* _Data extract_:

====================

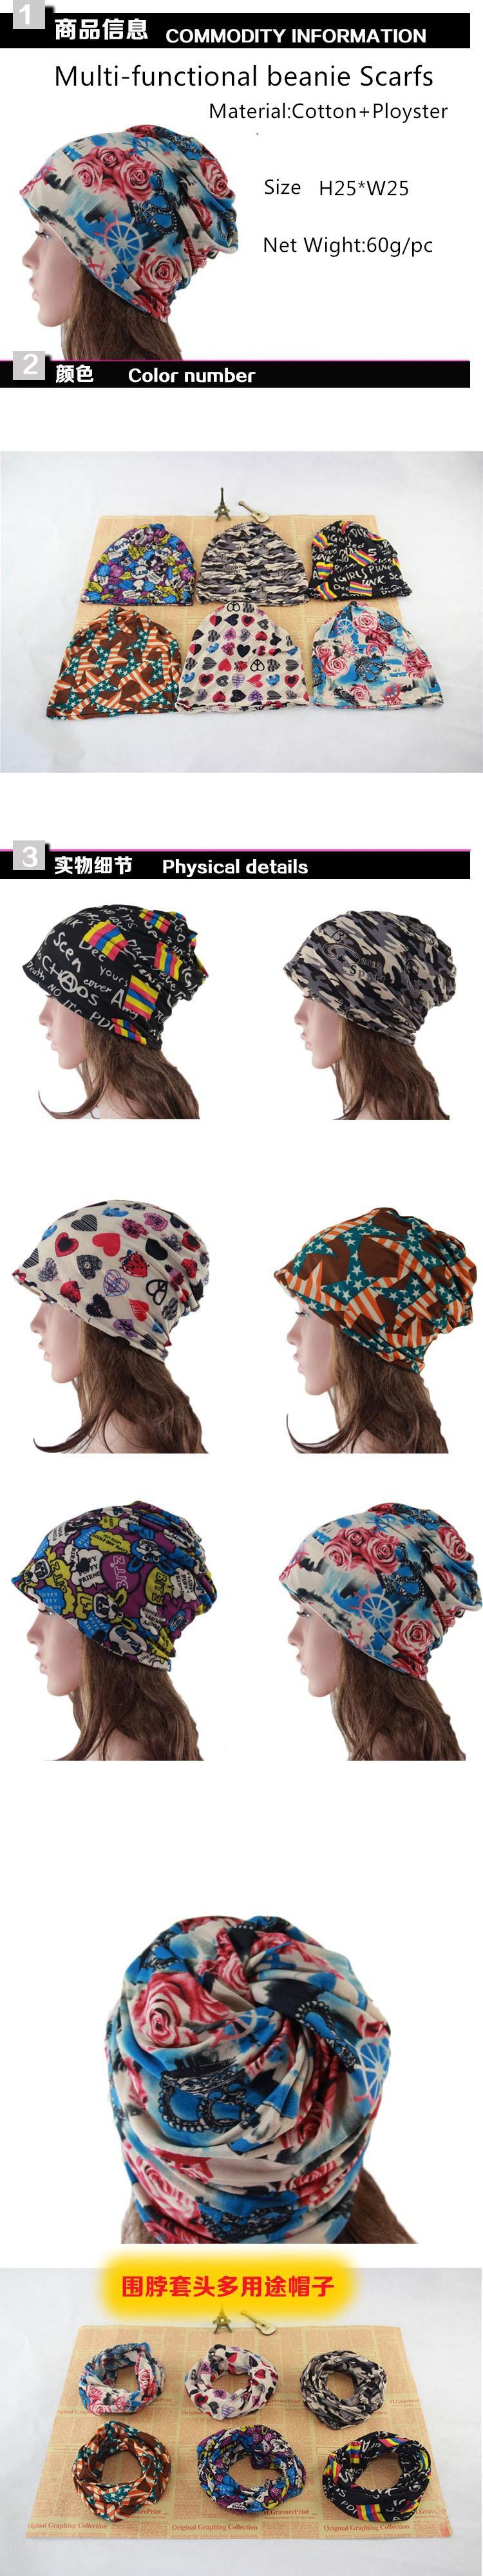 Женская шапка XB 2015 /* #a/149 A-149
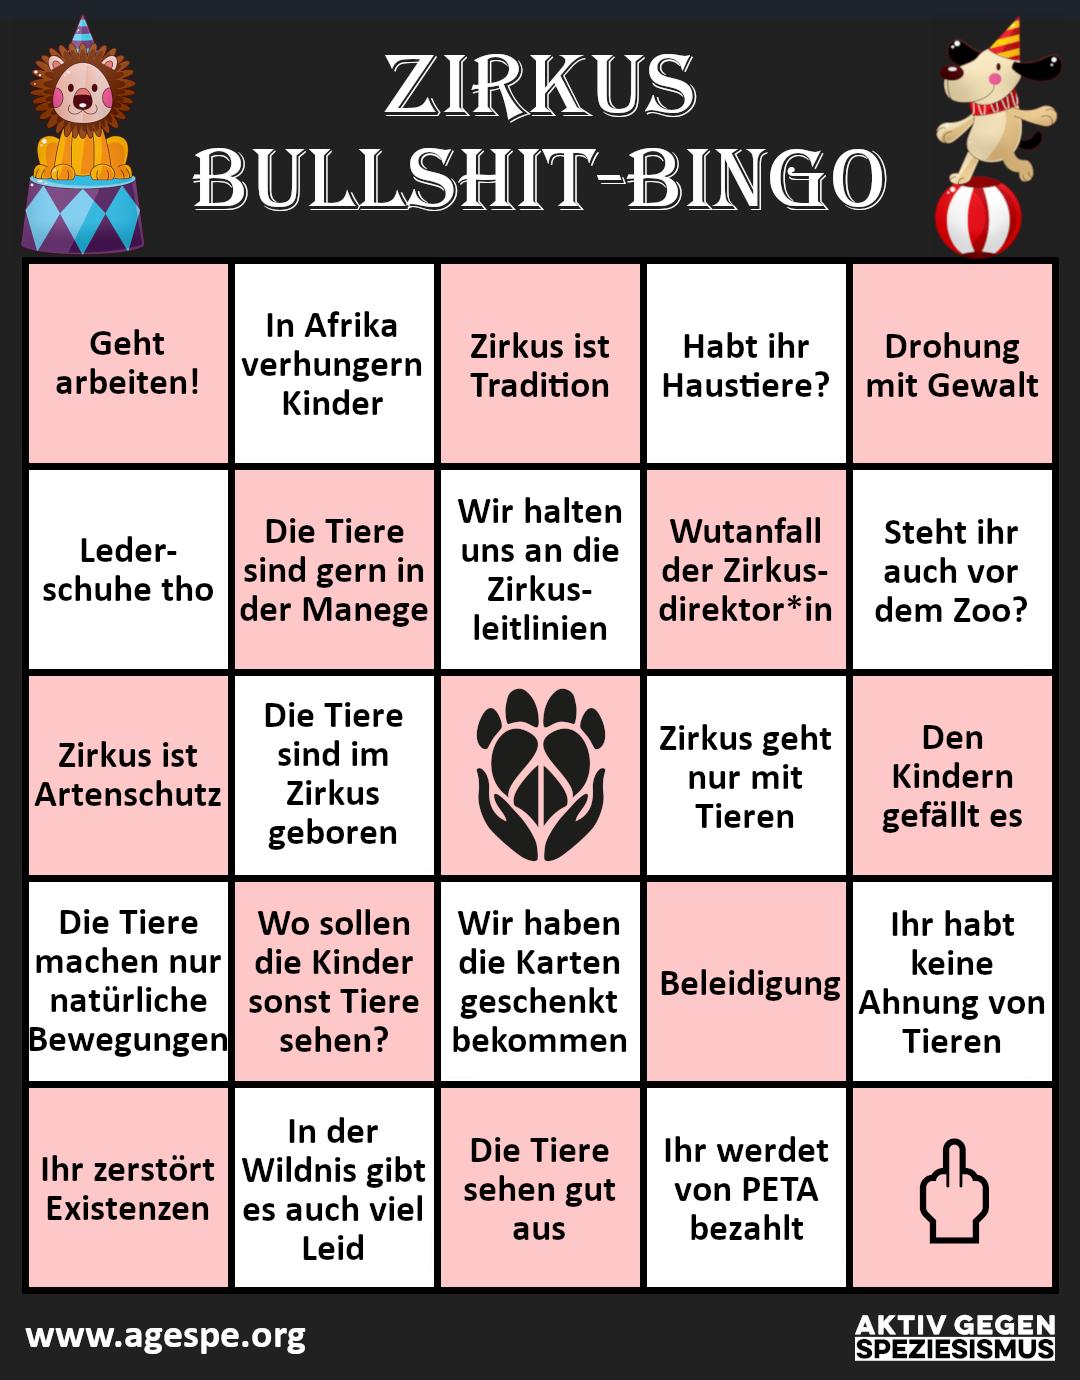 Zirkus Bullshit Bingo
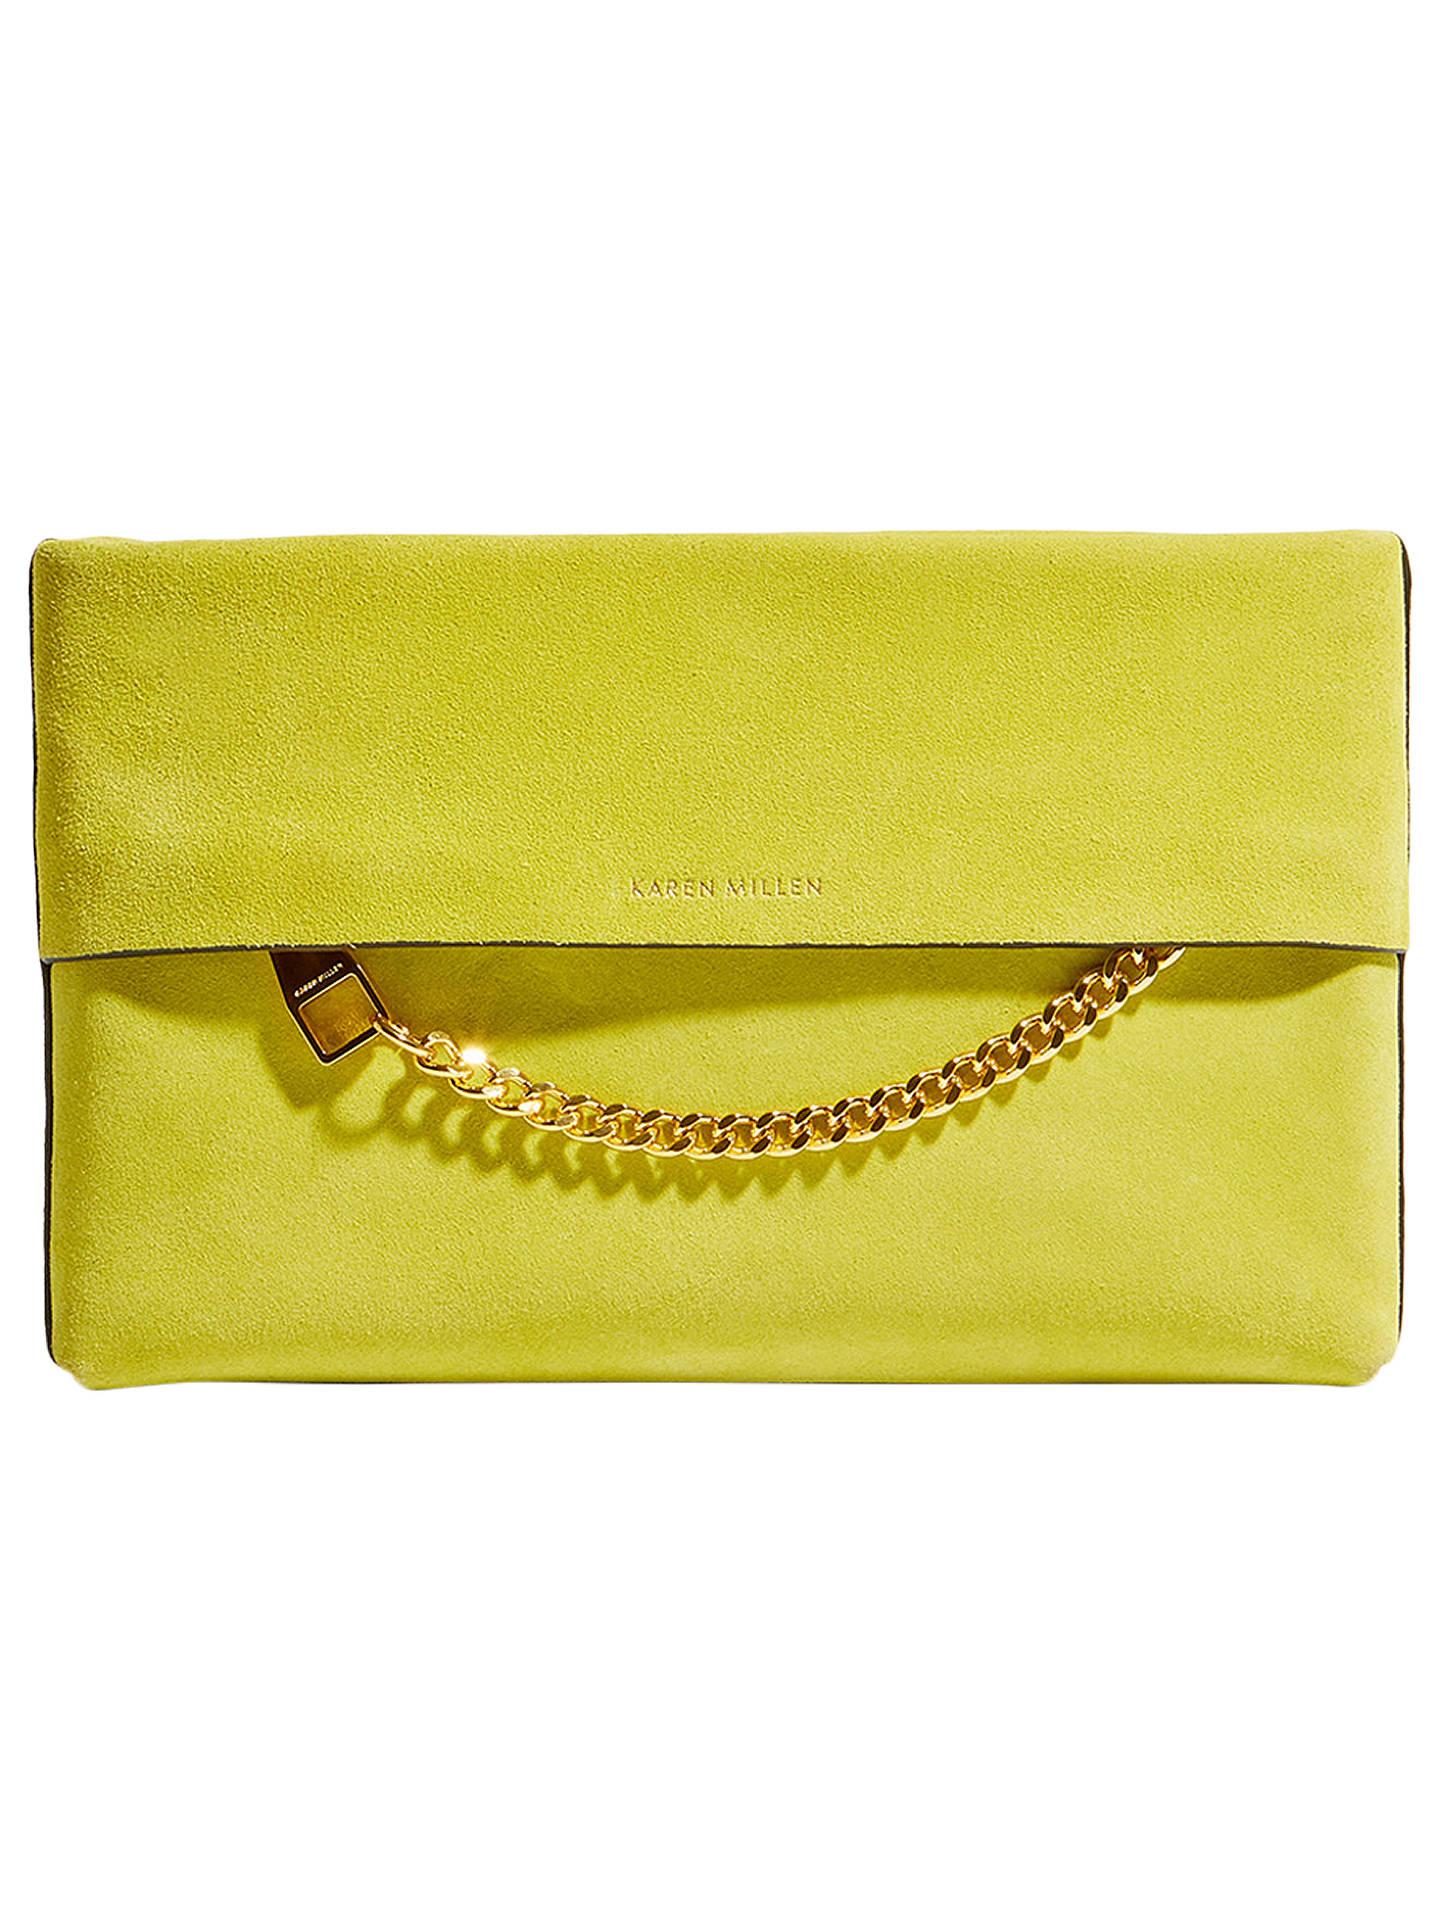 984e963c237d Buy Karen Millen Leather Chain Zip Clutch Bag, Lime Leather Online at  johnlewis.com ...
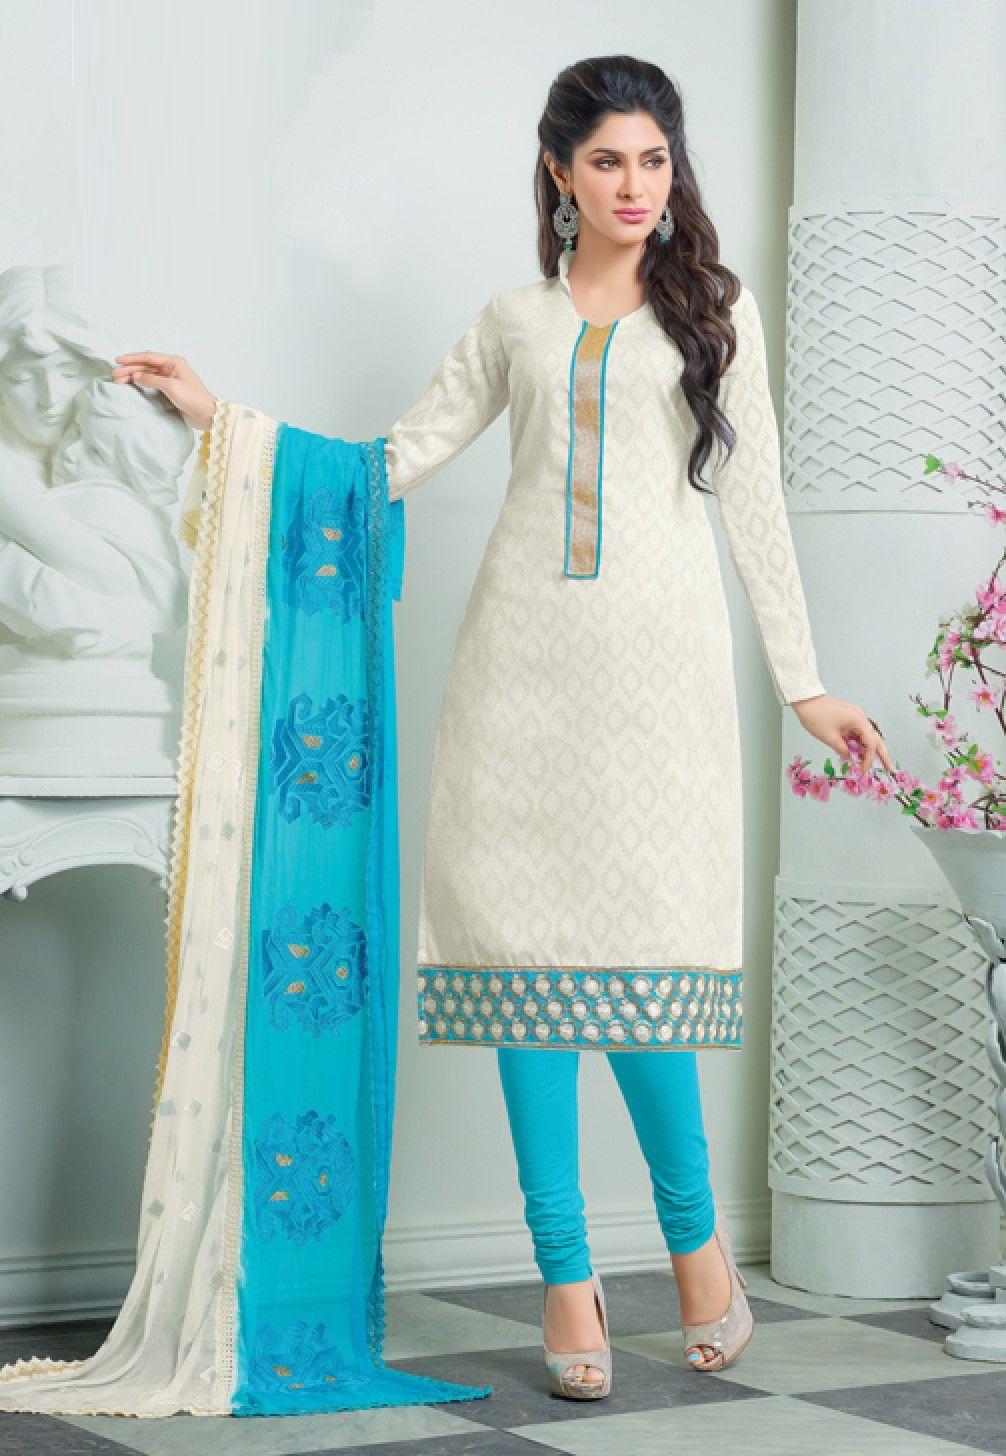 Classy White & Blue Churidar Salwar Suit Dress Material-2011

====================

* _What is required_: Reproduce all of the data exactly, omitting each picture it holds.

* _Solved problem_:
 Женская шапка XB 2015 /* #a/149 A-149
 Zirkus Bullshit Bingo
 984e963c237d Buy Karen Millen Leather Chain Zip Clutch Bag, Lime Leather Online at  johnlewis.com ...
 Classy White & Blue Churidar Salwar Suit Dress Material-2011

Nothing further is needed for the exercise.